Has anyone tried to recreate this attraction? I think 2 industrial blowers along with Unbrella material Nylon Tafetta should work. What do you think?


----------



## spinwitch (Jun 14, 2009)

Can you give us a description or a link or something to show what you're describing?


----------



## xxnonamexx (Sep 12, 2007)

Check out the catalog for claustrophobia http://www.oakislandproductions.com/


----------



## Hauntiholik (May 17, 2006)

This thread is in the wrong section since this isn't a tutorial of how you made the prop. 

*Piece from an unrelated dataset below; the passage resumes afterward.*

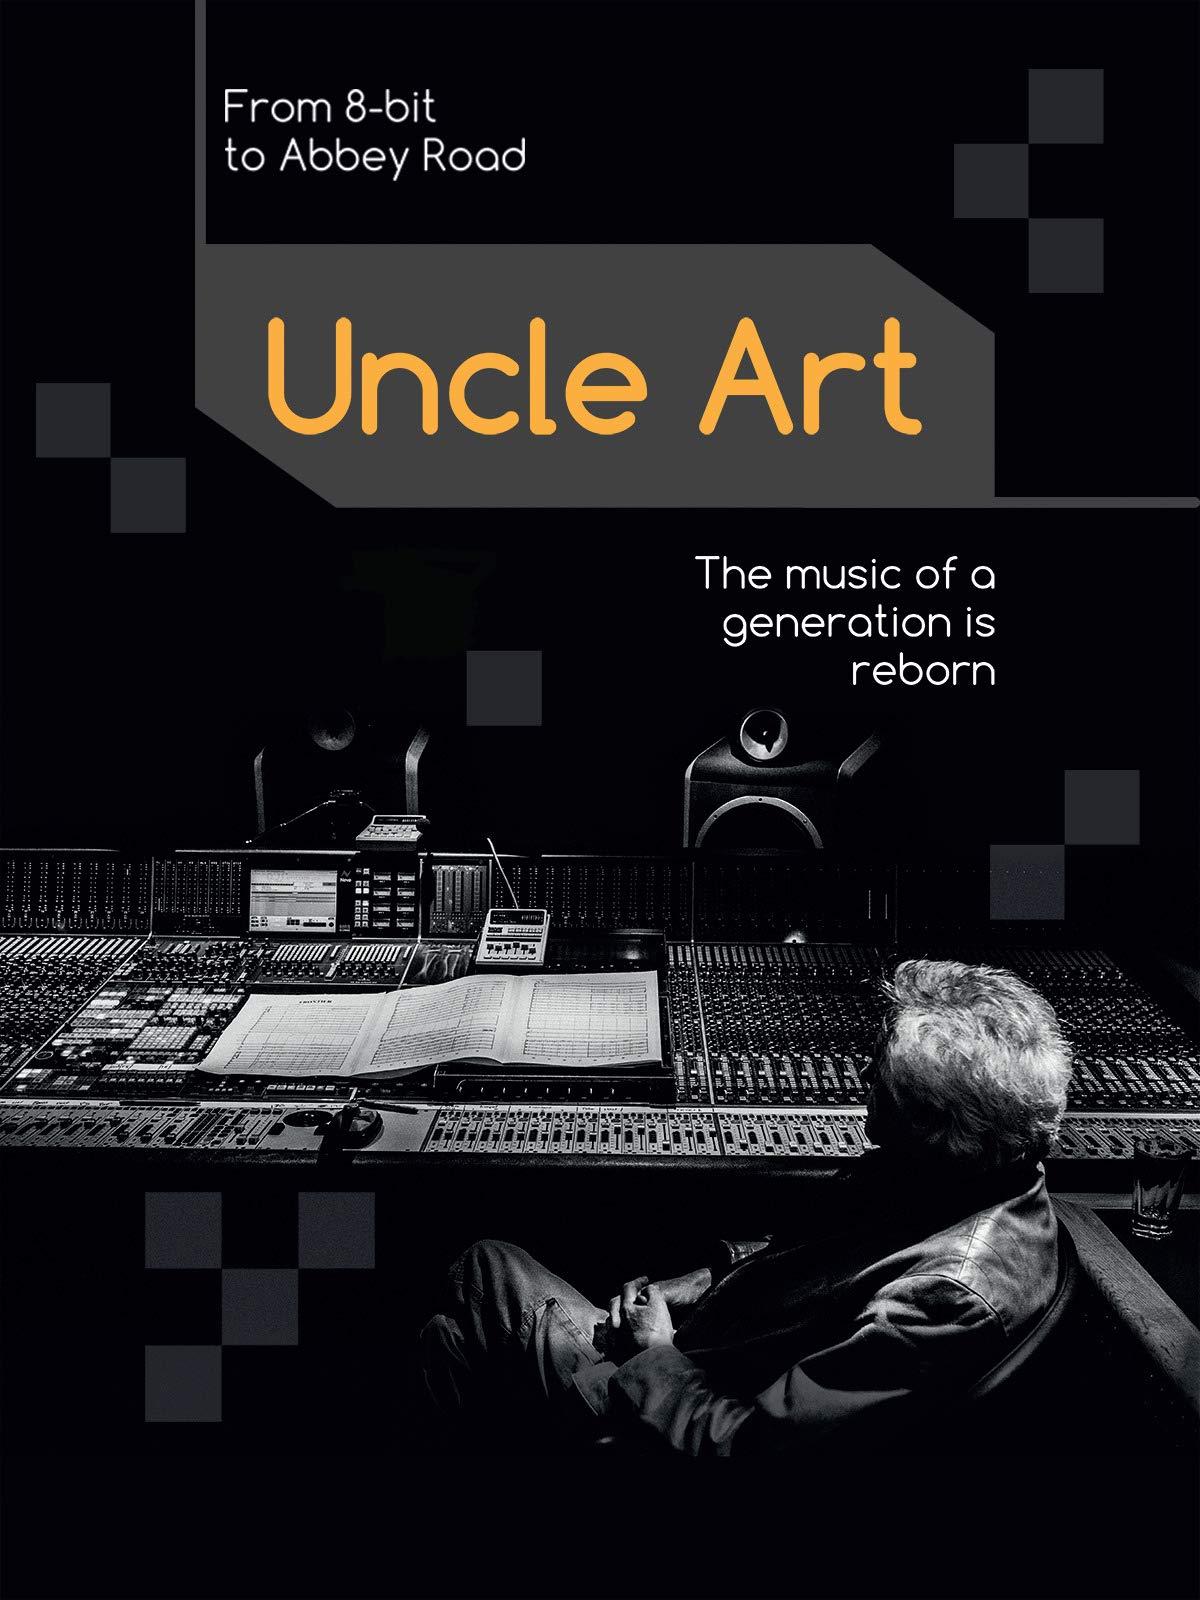 Uncle Art

That catalog took awhile to download. Here's the text of the description for claustrophobia:



> Claustrophobia: The ultimate experience in claustrophobia! Guests will enter a black abyss while constantly feeling suffocated by inflated fabric panels that are pushing against them. Each set contains two pre-fabricated, FR, tear-resistant panels and two industrial air movers. This will be one of the best rooms in your haunt!
> 
> Claustrophobia II: And you thought the original claustrophobia was tantalizingly disturbing! Guests enter a black abyss and suddenly realize the ceiling is closing in on them getting them lower and lower. Talk about a perfect time for an unsuspecting startle scare! Effect comes
> with air blower and pre-fabricated, tearresistant, FR fabric panel. This is one effect that everyone will be down with!


----------



## xxnonamexx (Sep 12, 2007)

I am asking if someone knows how to make it.


----------



## Toktorill (Sep 15, 2007)

Just guessing, but what I would do, is have the guests in the middle, two large tarps attached floor and ceiling to 2x4's, hanging a few feet apart, and big fans on the outside. I would either ground the tarps to get rid of static from all those people moving between them, OR a metal door knob or something people have to touch further on.


----------



## Hauntiholik (May 17, 2006)

Would this be for a pro-haunt or a home haunt? Would the nylon have to be treated with fire retardant because it would be touching the patrons and it's flammable.


----------



## xxnonamexx (Sep 12, 2007)

home haunt doesn't need to be flammable if it wors then next years pro haunt will need to be non flammable


----------



## Dr Frankenscream (Dec 1, 2007)

xxnonamexx,

I was able to walk through the Claustrophobia set up at Transworld in 2008. It was actually confusing for people going through. They thought it was a dead-end and turned around and went back the wrong way trying to get out. I went through it. It wasn't really scary and I was more concerned about what the previous people had left on the walls that was now on me.

Dr. Frankenscream


----------



## xxnonamexx (Sep 12, 2007)

I went through a 25ft. one at Headless Horsemen and it was awesome everyone loved it and though it would never end. It was AWESOME everyone knew how to go through b/c it was set up correctly.


----------



## dflowers2 (Mar 5, 2007)

One of the best known manufacturers of the fabric used in inflatable attractions is the Seaman Corp. The have a product called "Play-Rite" fabric and it is available in FR and Non-FR. The FR version is 3818 FRLTC and the Non-FR version is 3816 MFRLTC. Not sure on pricing.


----------



## dflowers2 (Mar 5, 2007)

Also, although they do not have pricing, another company is TMI, Inc. Most companies that make inflatables use 10 oz PVC (Vinyl) coated polyester or nylon. TMI, Inc. has 10 oz PVC coated polyester that meets the FR rating for California which is compatible with NFPA in most instances.


----------



## kprimm (Mar 14, 2009)

Claustrophobia is a terrific effect, I have been through it a few times and it is totally cool.


----------